Nonetheless, the government has recently taken steps that should not be dismissed. Premium Times reported on February 17, 2026, that the Ministry of Solid Minerals established 388 mineral buying centers in 2024 to boost revenue and curb illegal mining. Alake also said mining marshals had arrested more than 350 illegal miners and prosecuted more than 150. He said artisanal miners were being encouraged to form cooperatives so they could become formalized, bankable and taxable.

These are useful steps, but they will be useless if they target only the barefoot digger and leave the air-conditioned criminal untouched. As I’ve always argued, Nigeria does not lack laws. What it lacks are consequences for powerful lawbreakers.

So, what should be done?

First, illegal mining must be treated as a national security emergency. Every major mining site in Zamfara, Niger, Kaduna, Katsina, Nasarawa, Plateau and elsewhere should be mapped through satellite imagery, local intelligence and on-the-ground inspection. The government should know who owns which license, who operates the site, who buys the minerals, who transports them and where they end up.

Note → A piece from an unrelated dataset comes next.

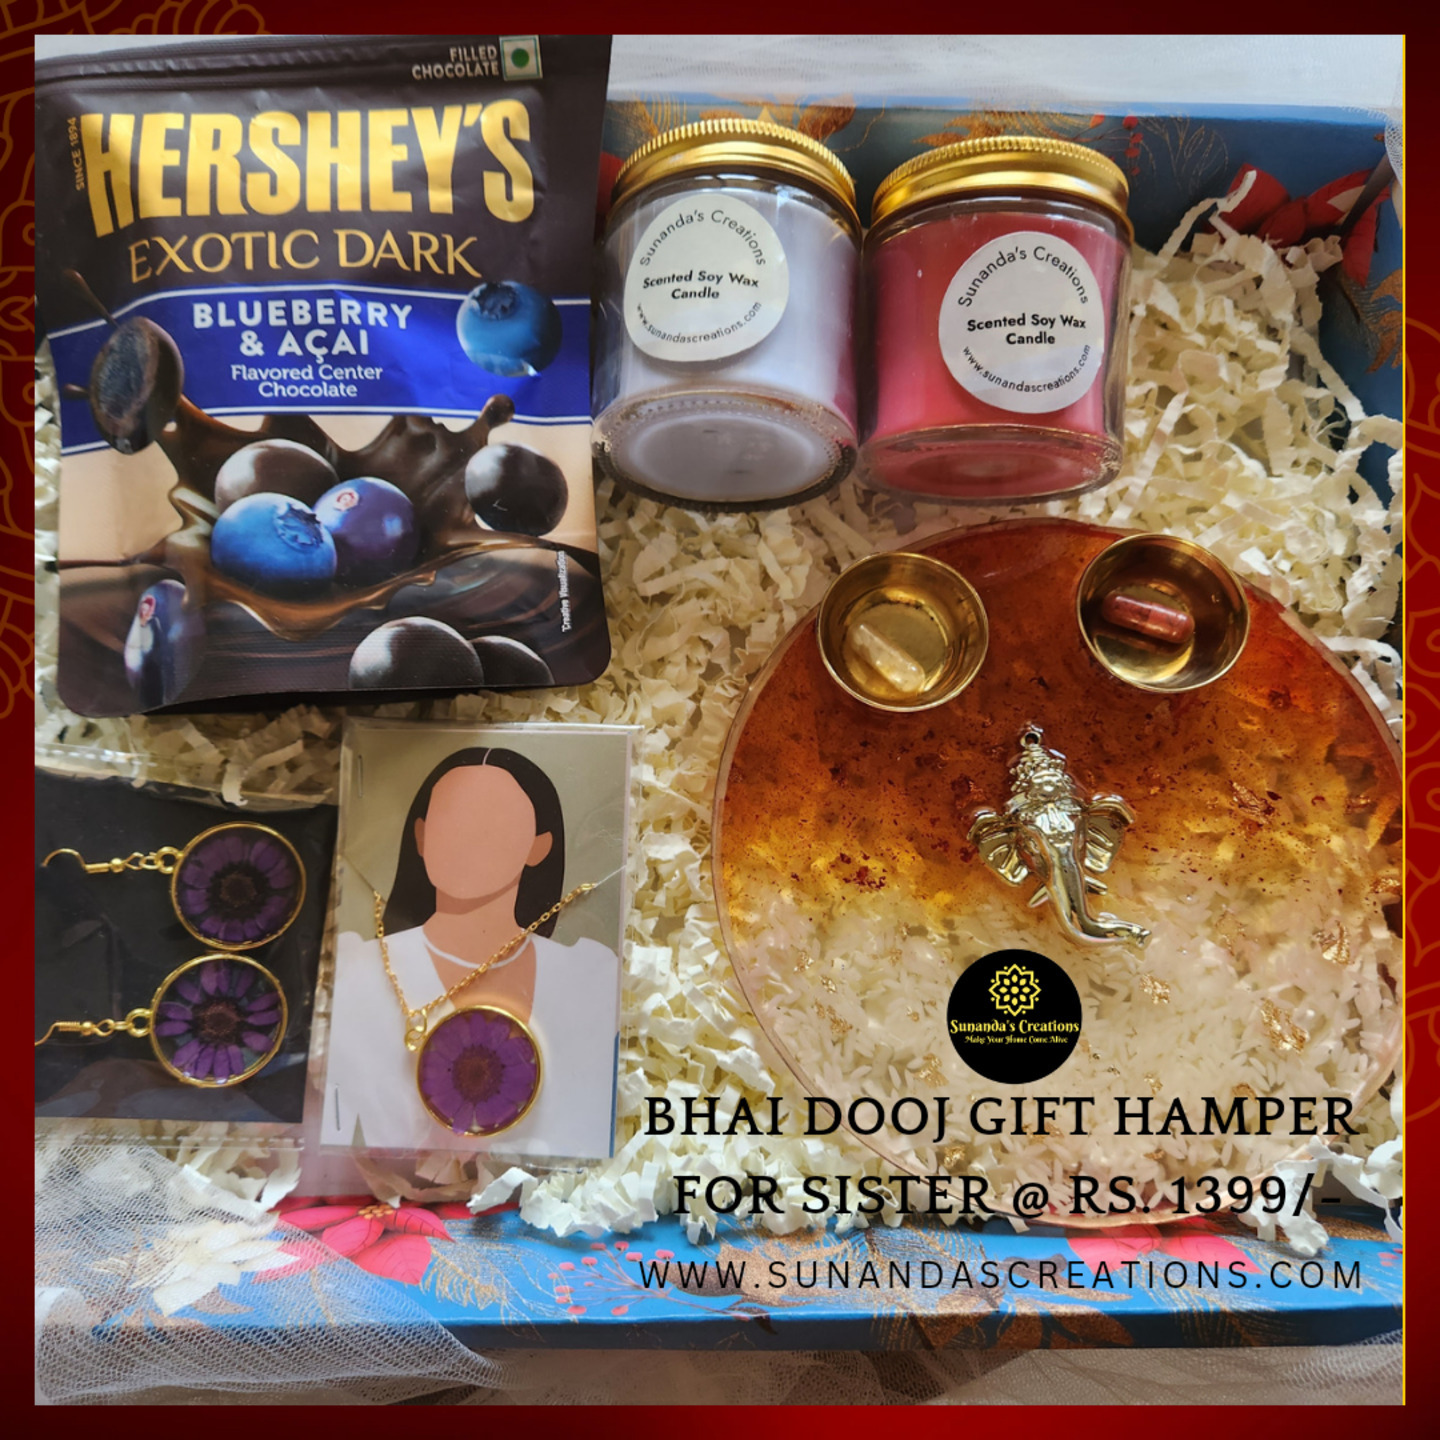 BHAI DOOJ GIFT HAMPER CURATED GIFT FOR SISTER  HANDMADE WITH LIVE

Second, beneficial ownership of all mining licenses must be published in a searchable public database. Nigerians should know the real human beings behind shell companies. A license should not be a mask for bandits, retired generals, politicians, foreign proxies or politically connected criminals.

Third, mineral buying centers must be tied to strict traceability. Gold, lithium and other high-value minerals should not move from pit to port without documentation. Every bag should have an origin, a buyer, a tax record and an export trail. Any mineral without a traceable source should be treated like stolen crude oil.

Fourth, Nigeria must go after the money. Arresting poor artisanal miners while leaving exporters, financiers, corrupt officials and foreign buyers untouched is judicial theater. Bank accounts should be frozen. Suspicious mineral exports should be seized. Customs, immigration, mining cadaster officials and security officers who facilitate illegal mining should be prosecuted publicly.

Fifth, foreign governments whose nationals are repeatedly implicated must be engaged diplomatically but firmly. Nigeria should not indulge xenophobia, but it must also not outsource its sovereignty to predatory investors. Any foreign national convicted of illegal mining linked to terror financing should face imprisonment, asset forfeiture and deportation after serving the sentence.

Finally, the military response to insecurity must be joined to economic disruption. Bombing forests while allowing mineral money to flow to terrorists is like mopping the floor while the tap is running. Terror persists because it pays. Make it unprofitable.

Nigeria’s tragedy is not that it is poor. It is that even its wealth has become a weapon against its people. The gold beneath Zamfara’s soil, the lithium in Nasarawa, the minerals in Niger, the tin in Plateau and the other rare-earth minerals elsewhere in Nigeria should build schools, hospitals, roads and livelihoods. Instead, too often, they buy guns, motorcycles, bullets and silence.